Nader Naini: The way we at Frazier Healthcare Partners approach the healthcare market is we first identify long-term trends in the healthcare space, ultimately looking for people that understand those trends and investment thesis that play into those trends. We then go out and proactively look for assets that can serve as a platform to build a company in that space, hopefully, again, improving the quality of healthcare as well as bending the cost curve as we go forward.

Duane Fitch: We see a continuous shift in the fee-for-service versus fee-for-value model. Not only are these models different, they're actually opposite and create different financial incentives for providers to be successful.

Nader Naini: The business model is really changing towards value-based medicine over volume-based medicine. You've seen that in the proliferation of accountable care organizations going from call it 80 in 2011 to over 600 in 2016.

Duane Fitch: We see a lot of healthcare organizations purchasing very expensive mega systems that help with contract adjudication, help posting cash, identification of refunds and all those kinds of things that in the past were either not done very well or were done manually.
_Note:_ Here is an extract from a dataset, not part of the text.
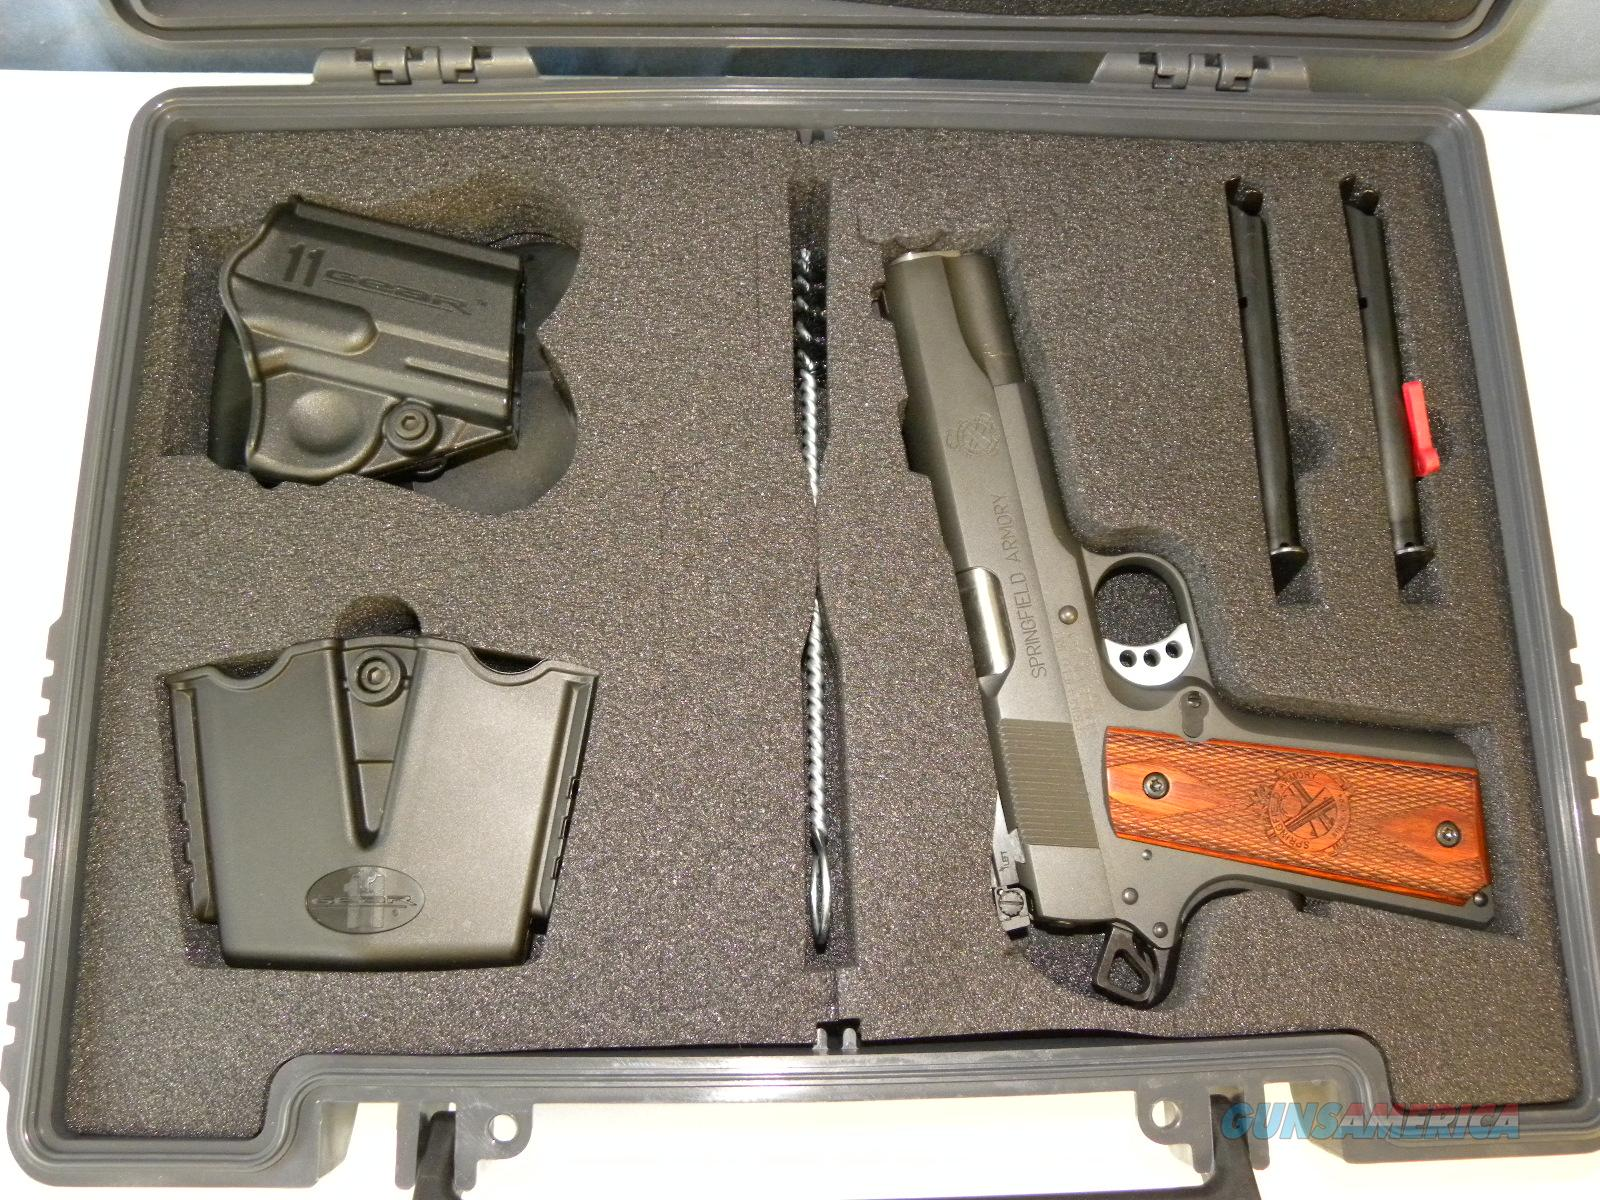 Springfield 1911 Range Officer  Guns > Pistols > Springfield Armory Pistols > 1911 Type

Nader Naini: The healthcare industry is woefully underinvested in technology, maybe somewhere in the 1 to 2% of revenues per year. If you compare that, for example, to the financial services industry where they'll invest anywhere from 10 to 12%. So automation, really understanding the business operations, and most importantly in this day and age with the change in how providers will be taking more risk, the ability to have data analytics at your fingertips to really understand your business at a more granular level is going to be absolutely critical.

Some consider threats from Amazon entering the healthcare market, which I think it is a realistic circumstance. However, I think those areas where a company like Amazon will participate in are going to be different than what's going to really transform healthcare.

Duane Fitch: Healthcare is becoming much more like a retail model, where you deliver high quality at lower cost. We see this activity really gaining traction in areas like dentistry, vision, home healthcare, and other areas that are specialized that don't need large inpatient kind of activity and where private equity firms and healthcare providers can create value and create a market distinction by serving those needs in a cost-effective setting.

Accounts receivable is one of the most difficult things to account for in a healthcare environment and therefore a lot of due diligence goes into determining exactly what that value is. The same can be said about professional liability and making sure that whoever is standing in the shoes of the exiting provider understands what they're inheriting on a professional liability standpoint.

Nader Naini: Typical danger spots for healthcare deals are reimbursement, compliance, technology, people, et cetera, and we're constantly figuring out ways to mitigate the risk associated with those. What I've learned over the last 27 years is it all comes back to the people.

Duane Fitch: The transition from the Affordable Care Act to its ultimate replacement, it makes it very difficult for providers and private equity firms to understand what the financial metrics moving forward will be in the industry. High valuation and competition for deals, especially among other private equity firms or even strategic buyers, raises the bar for the private equity firms to achieve their desired objectives.

Nader Naini: If you invest in high-integrity, high-quality, seasoned executives that know a particular market segment and pair that with a trend that is moving over a long period of time in a particular direction, you typically come out with a good investment on the back-end, in addition to the basics, which is reimbursement —again compliance, technology, and making sure that you've developed an infrastructure that can support a larger business.